If your VPN access does not work (or the above is not working for any reason), you may consider using a third-party VM. Sadly, this usually requires to create an account, often leave a credit card number, etc... So this is not the recommended solution.

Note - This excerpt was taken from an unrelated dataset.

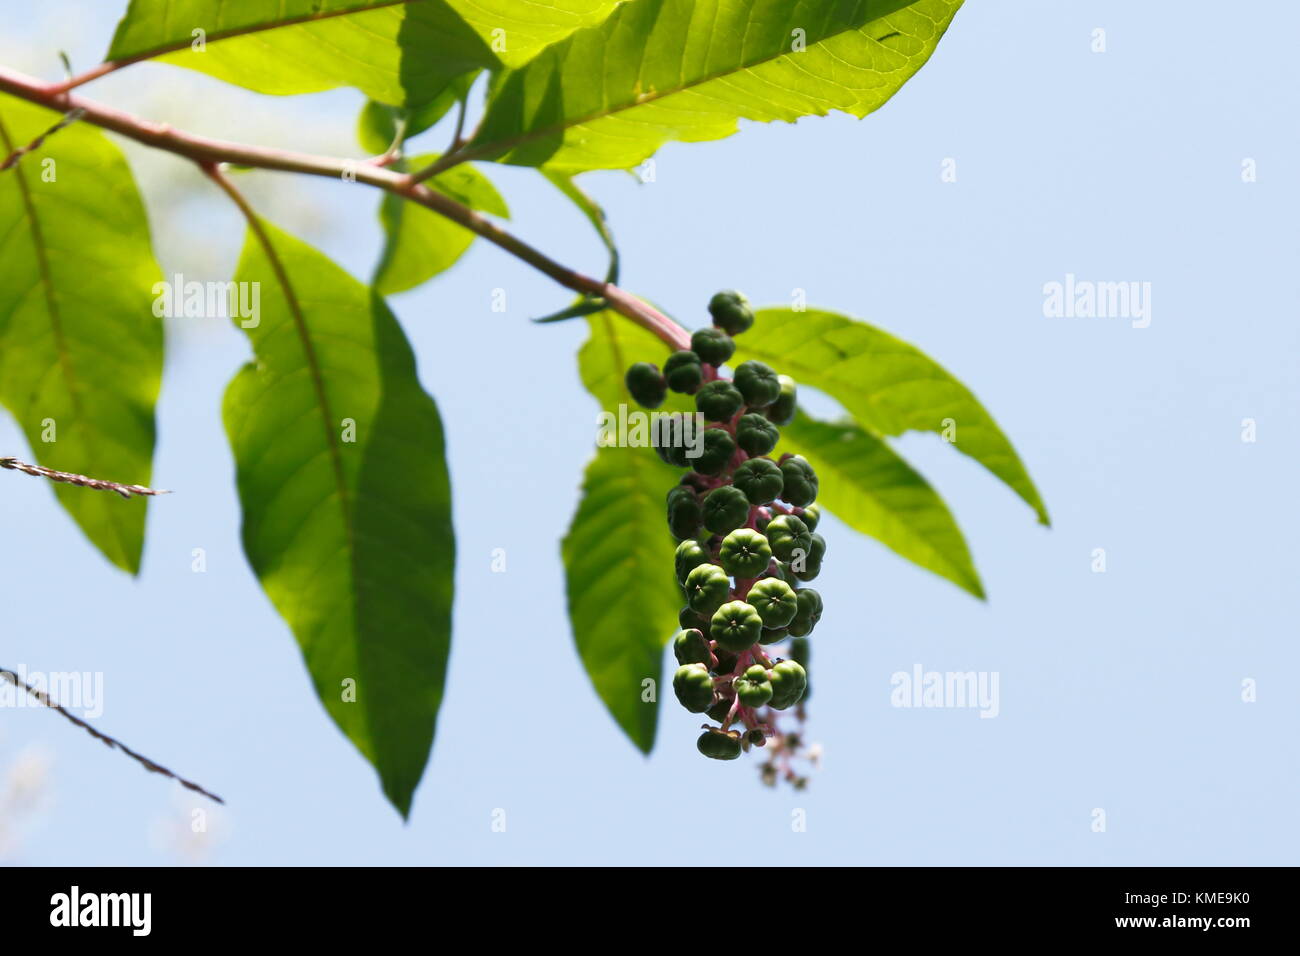 Kermesbeere mit blau schwarz farbenen Beeren Stock Photo

Here is how to do it with Google Colab:

  • login to colab.google.com
  • create a new Python notebook
  • use the connect button and modify the type of execution to select a VM based on a GPU (ex: T4 GPU).

Kernel Hello world

  1. Copy and execute the code below
  2. Modify it so as to change the number of threads per bloc, and/or the number of blocks. Find the values that stop NUMBA discarding the NumbaPerformanceWarning`.
  3. Print threadIdx.x, threadIdx.y, threadIdx.z and blockIdx.x , blockIdx.y, blockIdx.z
  4. Try with a 2D grid.
  5. Test the limitations mentioned in Fabrice Huet's lecture on print in kernel and on the arguments passed to the kernel.
In [ ]:
import numba
from numba import cuda

@cuda.jit
def monKernel():
    print("from", cuda.grid(1),"hello, world!")

gridSize = 3
nbThreadsPerBlock = 4
monKernel[gridSize, nbThreadsPerBlock]()
/opt/conda/lib/python3.10/site-packages/numba/cuda/dispatcher.py:538: NumbaPerformanceWarning: Grid size 3 will likely result in GPU under-utilization due to low occupancy.
  warn(NumbaPerformanceWarning(msg))
from 8 hello, world!
from 9 hello, world!
from 10 hello, world!
from 11 hello, world!
from 4 hello, world!
from 5 hello, world!
from 6 hello, world!
from 7 hello, world!
from 0 hello, world!
from 1 hello, world!
from 2 hello, world!
from 3 hello, world!

Hardware limitations

  1. Execute the code below to see what are the hardware limitations
In [ ]:
from numba import cuda
gpu = cuda.get_current_device()
print("name = %s" % gpu.name)
print("maxThreadsPerBlock = %s" % str(gpu.MAX_THREADS_PER_BLOCK))
print("maxBlockDimX = %s" % str(gpu.MAX_BLOCK_DIM_X))
print("maxBlockDimY = %s" % str(gpu.MAX_BLOCK_DIM_Y))
print("maxBlockDimZ = %s" % str(gpu.MAX_BLOCK_DIM_Z))
print("maxGridDimX = %s" % str(gpu.MAX_GRID_DIM_X))
print("maxGridDimY = %s" % str(gpu.MAX_GRID_DIM_Y))
print("maxGridDimZ = %s" % str(gpu.MAX_GRID_DIM_Z))
print("maxSharedMemoryPerBlock = %s" % str(gpu.MAX_SHARED_MEMORY_PER_BLOCK))
print("asyncEngineCount = %s" % str(gpu.ASYNC_ENGINE_COUNT))
print("canMapHostMemory = %s" % str(gpu.CAN_MAP_HOST_MEMORY))
print("multiProcessorCount = %s" % str(gpu.MULTIPROCESSOR_COUNT))
print("warpSize = %s" % str(gpu.WARP_SIZE))
print("unifiedAddressing = %s" % str(gpu.UNIFIED_ADDRESSING))
print("pciBusID = %s" % str(gpu.PCI_BUS_ID))
print("pciDeviceID = %s" % str(gpu.PCI_DEVICE_ID))
  1. See what happens when you run a kernel without respecting these limitations

Kernels that access an array

  1. Write a kernel that takes as argument a 1D numpy array of 32 bits signed integers initialised with zeros and of size gridSize * nbThreadsPerBlock, and that writes a 1 un each array cell (each thread takes care of one cell).
  2. Optimize your code with a transfer of the array from host to device and later from device to host.
  3. Write a kernel that takes as argument a 1D numpy array t of unsigned 32 bits integers initialised with t[i]==i for all index i. The kernel copies t[i+1] into t[i] (i.e. for i range(len(t)) in parallell: t[i] = t[i+1]). What do you observe? Try with different grid sizes and numbers of threads per block.

Image manipulation

  1. Based on this introduction to the manipulation of images with PIL write a function that takes a colorfull RGB image and returns its grayscale version.
  2. Optimise your function with a kernel. Start with a small image, like lena.png, and then with larger images, like mona-lisa.jpg, making sure you respect all hardware limitations.

Game of life

  1. Write a function life(initial_configuration,nb_iterations) that takes an array of integer (either 0 or 1) and a number of iterations of the rule of life, and returns the final configuration.
  2. Optimize your function with a kernel. Remember that cuda.synchronize() introduces a synchronization barrier.